As últimas pesquisas mostram que o presidente Lula (PT) tem uma vantagem estreita no 1º turno da eleição de 2026. Com 39% das intenções de voto, ele lidera Flávio Bolsonaro (PL‑RJ), que registra 35%, margem que pode mudar rapidamente.

Essa proximidade nunca havia ocorrido nas duas vezes em que Lula venceu a disputa, em 2002 e 2006, quando a diferença chegou a 10 e 17 pontos, respectivamente. Em 2022, ele ainda mantinha 21 pontos de vantagem sobre Jair Bolsonaro.

Especialistas atribuem o aperto ao eleitorado mais dividido, à falta de grandes marcas de campanha e à polarização que reforça o voto útil. Conforme divulgado pelo FolhaPress.

Comparação histórica das margens de vitória de Lula

2002: a onda de mudança

Na primeira eleição, Lula liderava José Serra por 10 pontos percentuais, impulsionado pelo discurso de renovação e programas como o “Fome Zero”.

2006: liderança confortável apesar do escândalo

Mesmo com o desgaste do mensalão, a pesquisa de junho mostrava Lula 17 pontos à frente de Geraldo Alckmin, mantendo uma liderança confortável.

2022: polarização e vantagem consistente

Em maio de 2022, Lula alcançou 48% das intenções de voto, enquanto Bolsonaro ficou em 27%, reflexo da rejeição ao bolsonarismo.

2026: o menor intervalo histórico

Agora, a diferença caiu para 4 pontos, margem de erro de dois pontos para mais ou menos, indicando um cenário competitivo e incerto.

Fatores que explicam o aperto

O cientista político Elias Tavares destaca a “redução consistente da margem de liderança” e aponta que o voto útil pode voltar a ser decisivo, como ocorre em países polarizados.

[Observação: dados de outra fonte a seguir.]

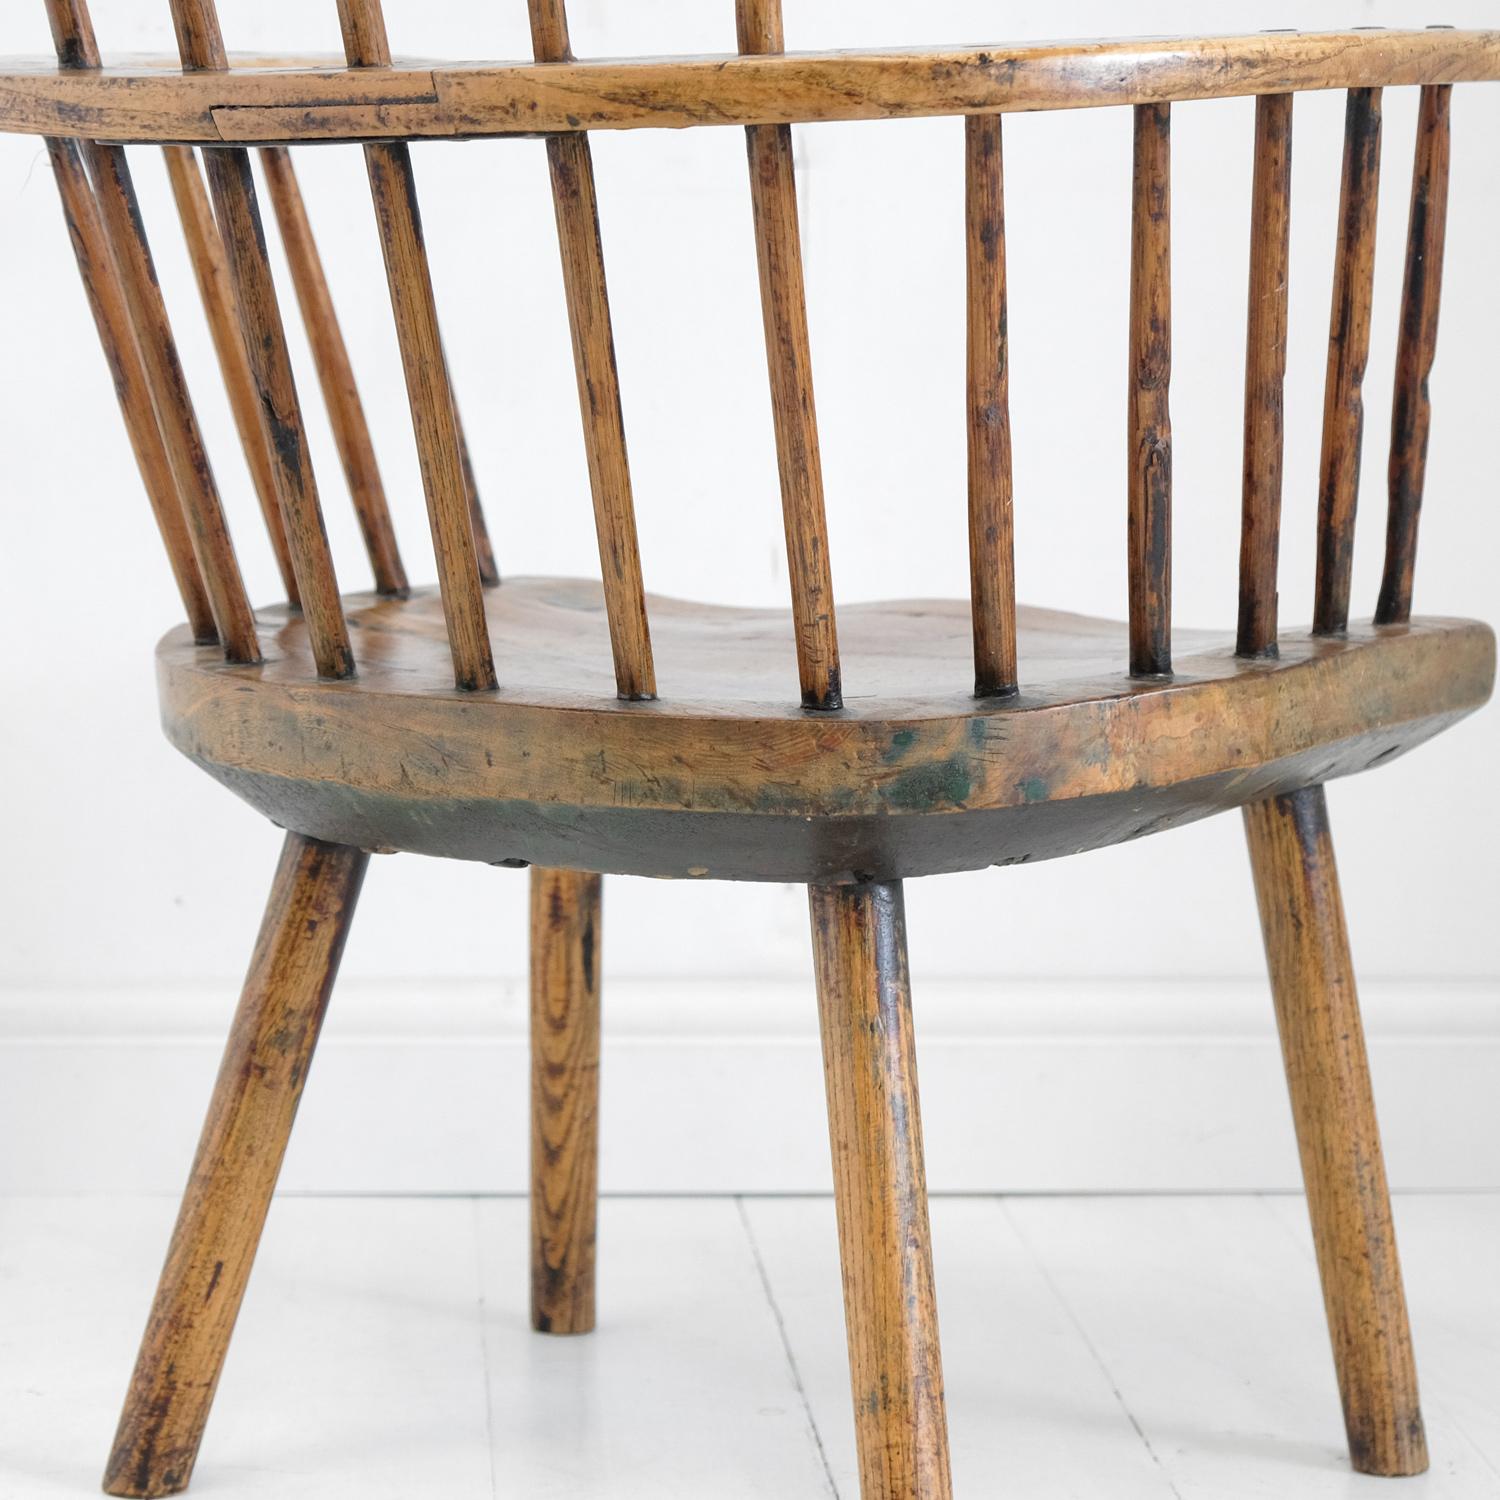 Primitive Welsh Stick Chair, Vernacular Windsor, Country Armchair 8

Bruno Bolognesi, da UFPR, reforça que a polarização reduz espaço para crescimento de Lula, enquanto Luis Gustavo Teixeira aponta o desgaste do governo e a dificuldade de articular com uma base mais ampla.

Rejeição e desafios no segundo turno

Lula tem 48% de rejeição, quase igual a Flávio Bolsonaro, que registra 46%. Se a economia piorar ou escândalos aumentarem, o petista pode ser ultrapassado, alerta Antonio Lavareda, do Ipespe.

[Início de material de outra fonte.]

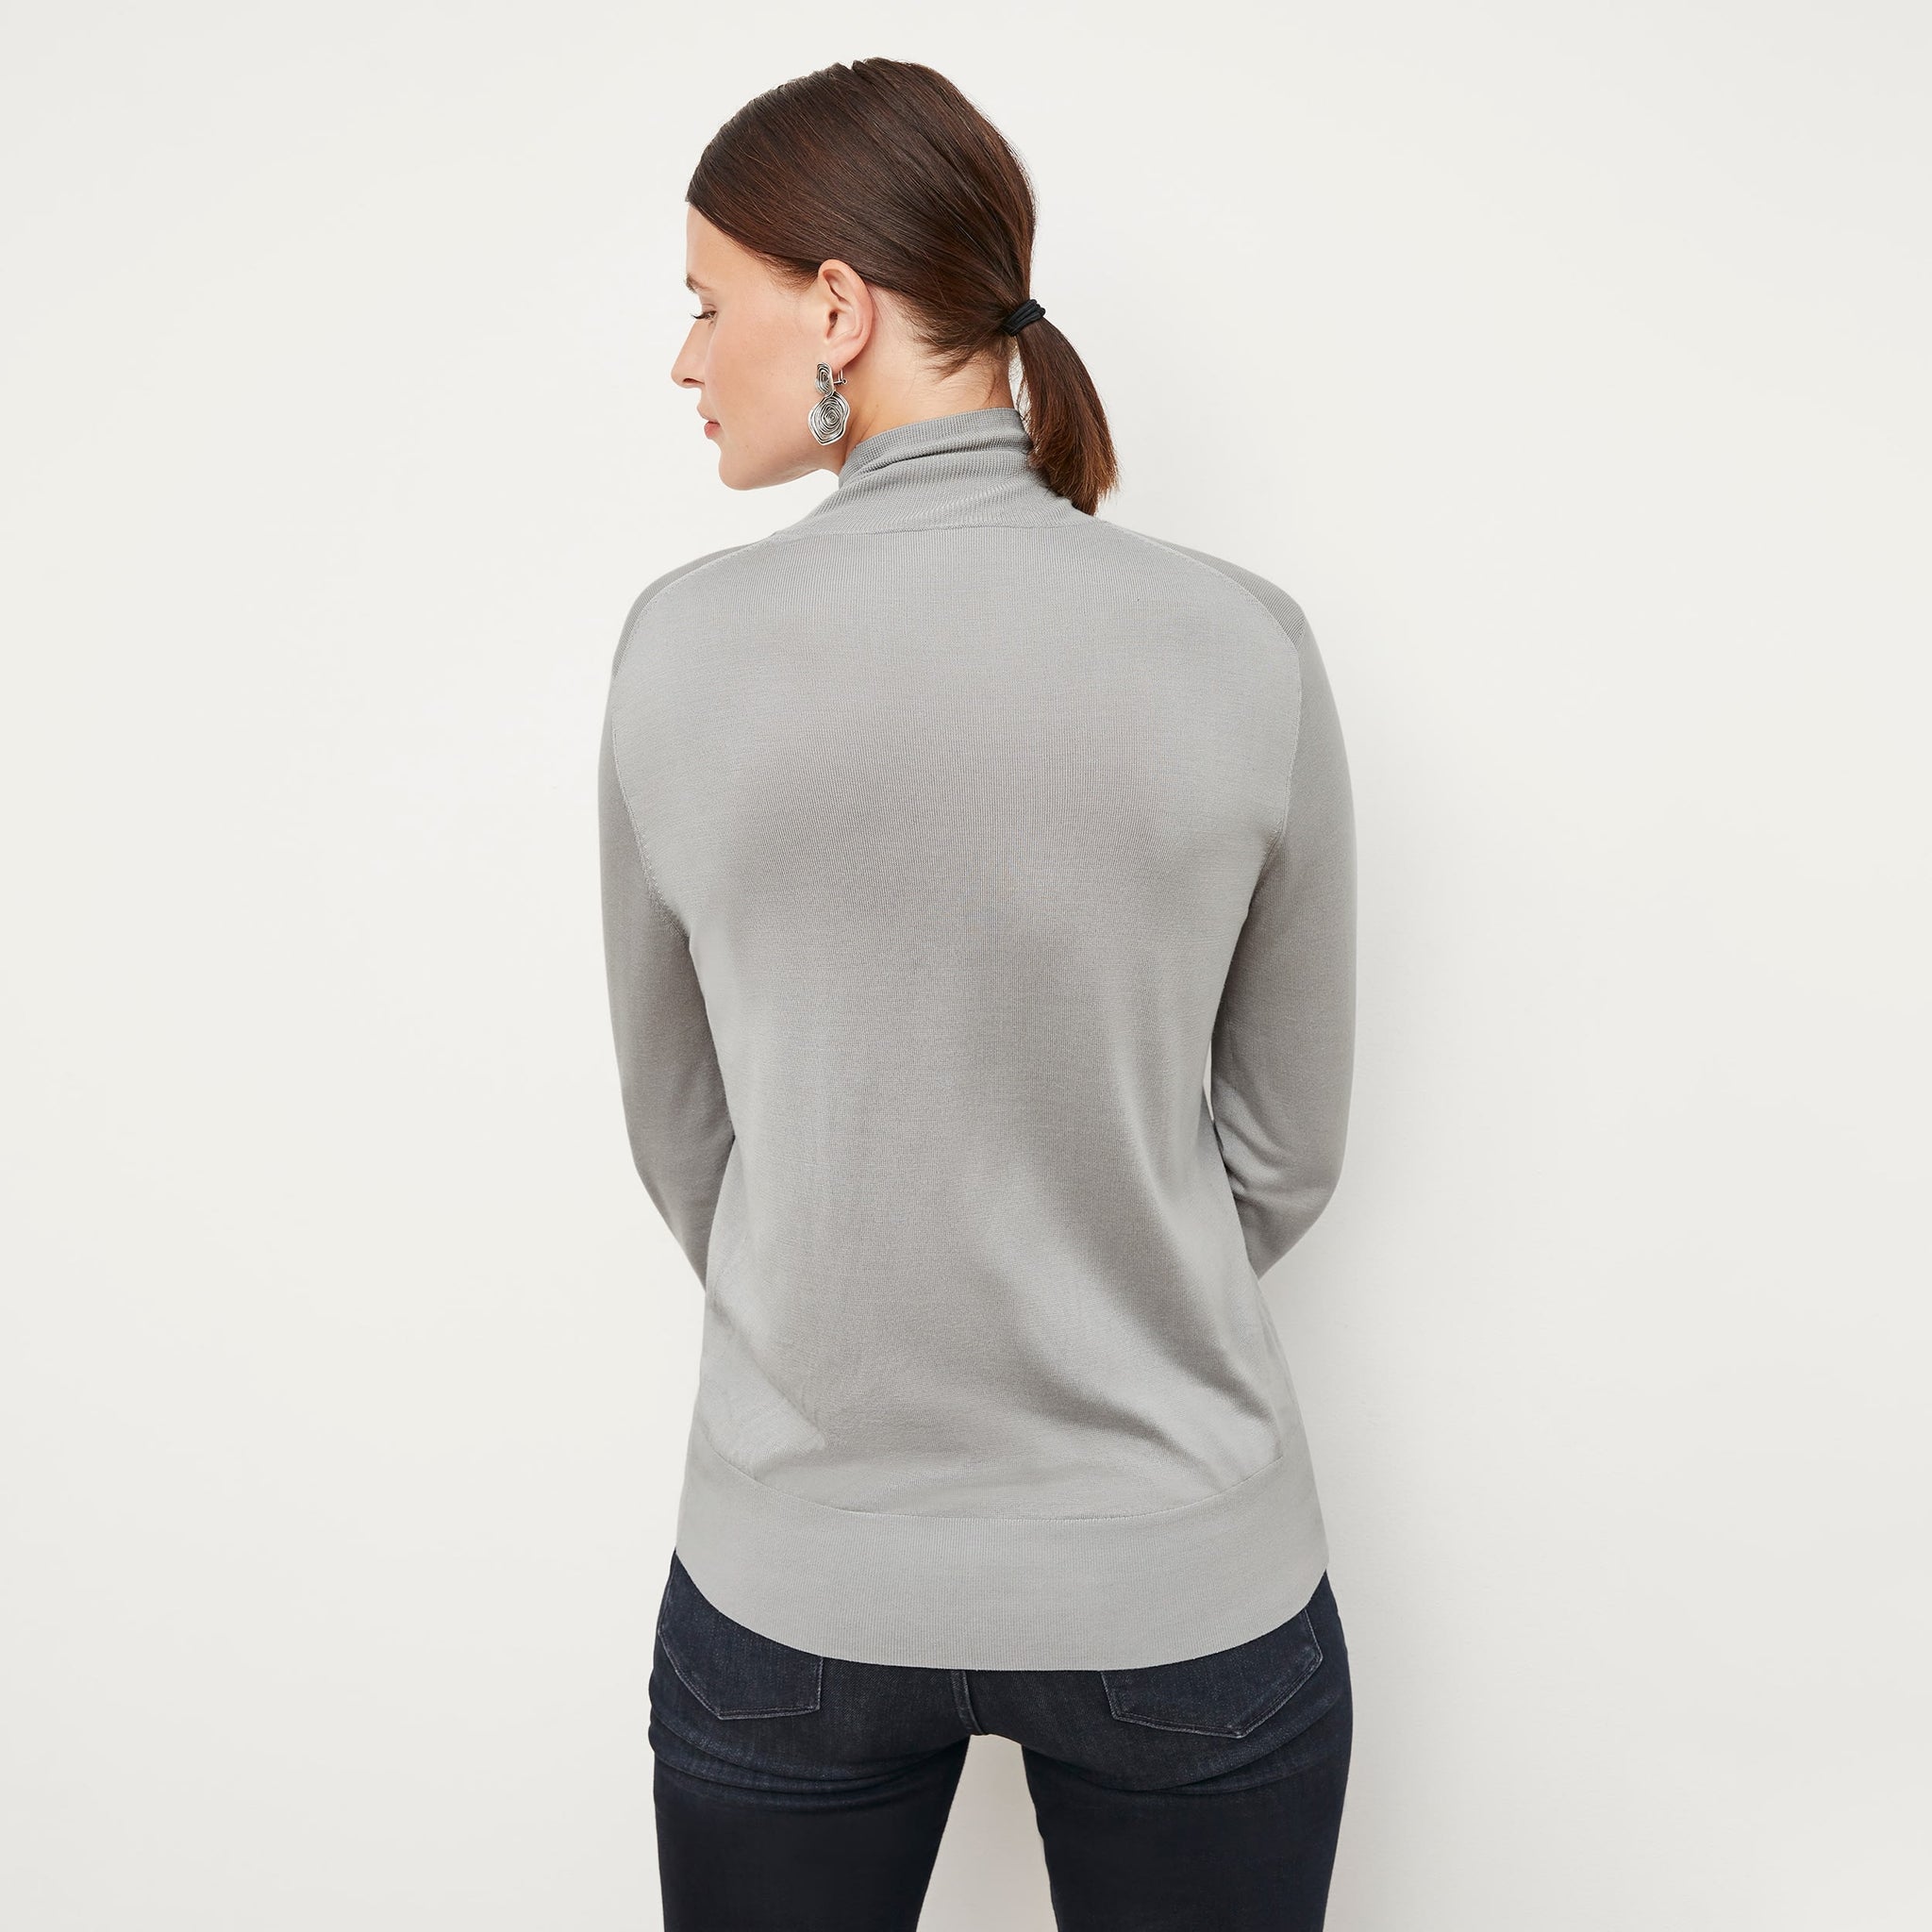 Back image of a woman standing wearing the elizabeth top in silk jersey in pale gray

O especialista ainda ressalta que, no segundo turno, Lula precisará de uma margem de três a quatro pontos para compensar a alta abstenção entre seus eleitores de baixa renda.

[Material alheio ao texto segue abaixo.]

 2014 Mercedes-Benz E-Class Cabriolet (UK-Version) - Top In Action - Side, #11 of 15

O que pode mudar até o voto

Observadores apontam para a dispersão da direita, que soma 13% de votos entre candidatos como Zema, Caiado e outros. O comportamento desses eleitores pode ser decisivo.

Além disso, a presença de Lula na presidência costuma melhorar sua avaliação ao longo da campanha, conforme Luciana Chong, diretora‑geral do Datafolha.

A pesquisa foi realizada com 2.004 pessoas em 137 cidades, entre 7 e 9 de abril, e está registrada no TSE com o código BR‑03770/2026.